Thursday, February 10, 2011

A Letter to Heaven

I miss you so much and not a day goes by that I don't think of you. I wonder what you'd say to me if you were here right now. Would you be proud of how everyone is handling things? I'd like to think so, well mostly. Grandma is amazingly strong and I have no idea what anyone would do without her. I know that you probably miss her wherever you are and I know she misses you too. Mom and dad are taking great care of her and I know you would be so proud of them. Dad has really changed during this whole process, I know that we both know that he was great before but when you got sick it changed him a lot. He is so diligent in taking care of grandma, I think that it would make you laugh. He dotes on her a lot and is always cleaning up after her. It's kind of funny sometimes but it just shows how much he cares. If you were here, you would think grandma is so spoiled. Mom makes her dinner every night and they watch tv together and talk a lot. Wheel of fortune and jeopardy are nightly shows and I think you would be impressed on how good we are getting at it. I try to go over whenever I can but sometimes it is still weird for me to go to your house and not see you there. Oh and then there is the chickens, well there isn't chickens yet
but there are going to be. Those are grandmas idea. Its okay though because we all kind of think it will be something fun and give us something to do when it gets nicer outside. If you were here I think you'd be against the chickens but then grandma would talk you into it and you'd say "ok hun" just like you always would.
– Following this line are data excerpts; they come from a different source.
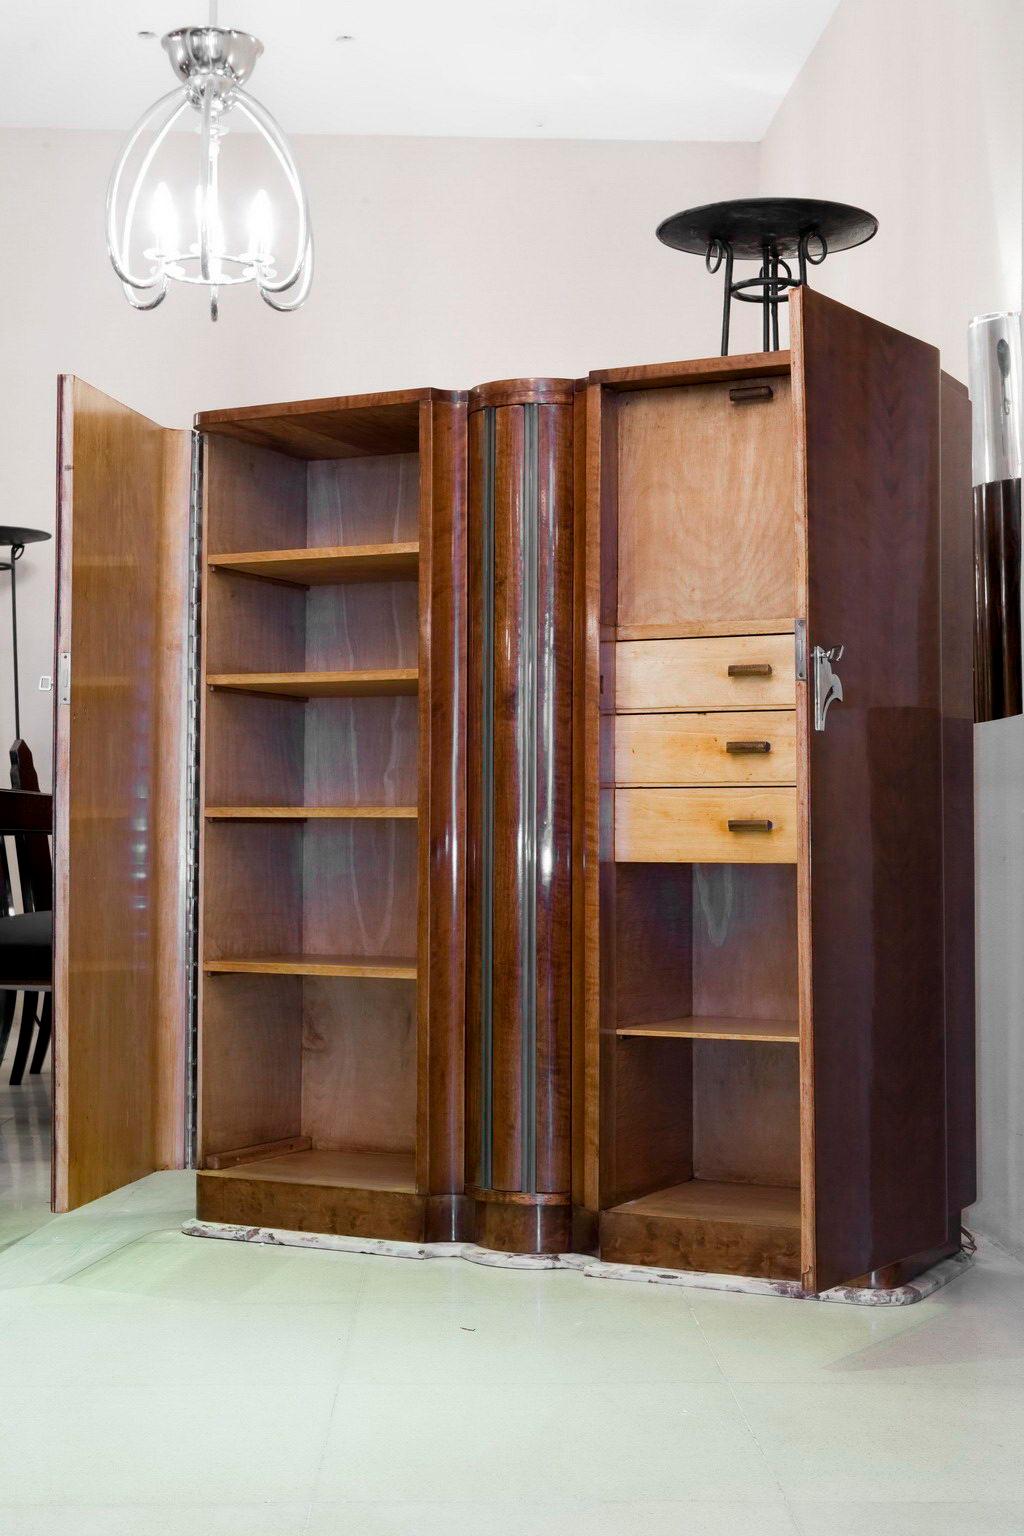 Bookcase with bar

Year: 1930
Country: French
It is an elegant and sophisticated bookcase.
You want to live in the golden years, this is the bookcase that your project needs.
We have specialized in the sale of Art Deco and Art Nouveau styles since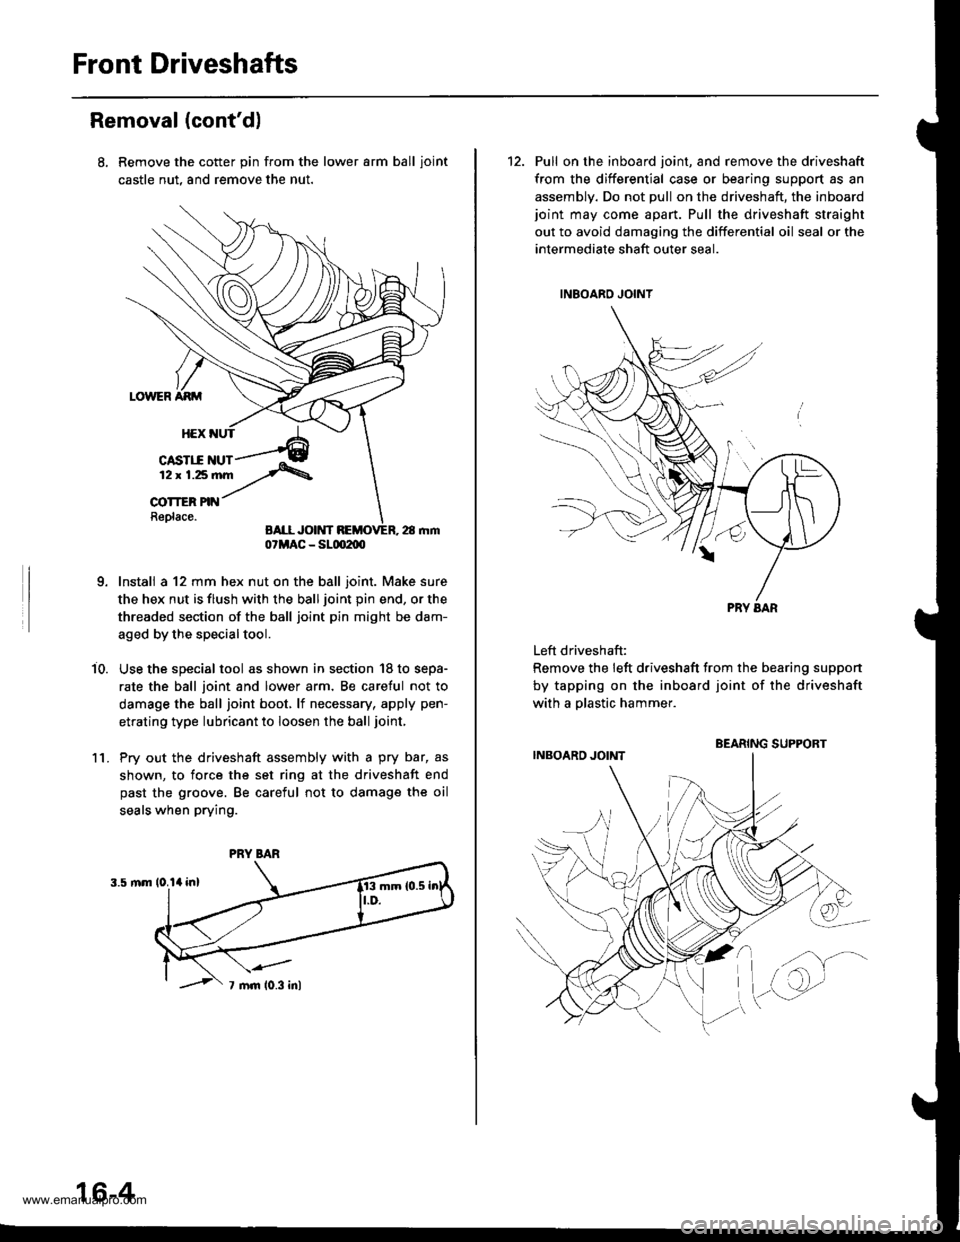 HONDA CR-V 1998 RD1-RD3 / 1.G Repair Manual 
Front Driveshafts
Removal (contd)
Remove the cotter pin from the lower arm ball ioint
castle nut, and remove the nut.
Install a 12 mm hex nut on the ball joint. Make sure
the hex nut is flush with t

As for me, I'm okay, but you should know that by now. I talk to you a lot, just like this. I'd like to think that you can hear me even if you can't talk back. I still think that it is so unfair that you had to be taken away from us, from me. I really looked up to you and now I miss your words of wisdom. I like to think that you'd be proud of me. I have, mostly, held myself together for this whole process. Nick has been a great support for me this whole time and I remember what you said about him in the beginning. You said "does he treat you good? Well then thats all that matters and its no one else's concern". He is still treating me good and is held to a high standard. You and grandma really showed us all what love is and although I'm sure you had problems now and then but who doesn't. You two are what I base every relationship decision on. I want what you had. I loved that no matter how old you got or where you were, you would hold her hand. I think she loved it too.
I do better each day but I know I can't or won't ever forget you. I can still hear your voice in my head asking how della is or how my car is doing. I hope that never goes away but I know it won't. You played such a role in making me who I am that you will stay with me, wherever I go.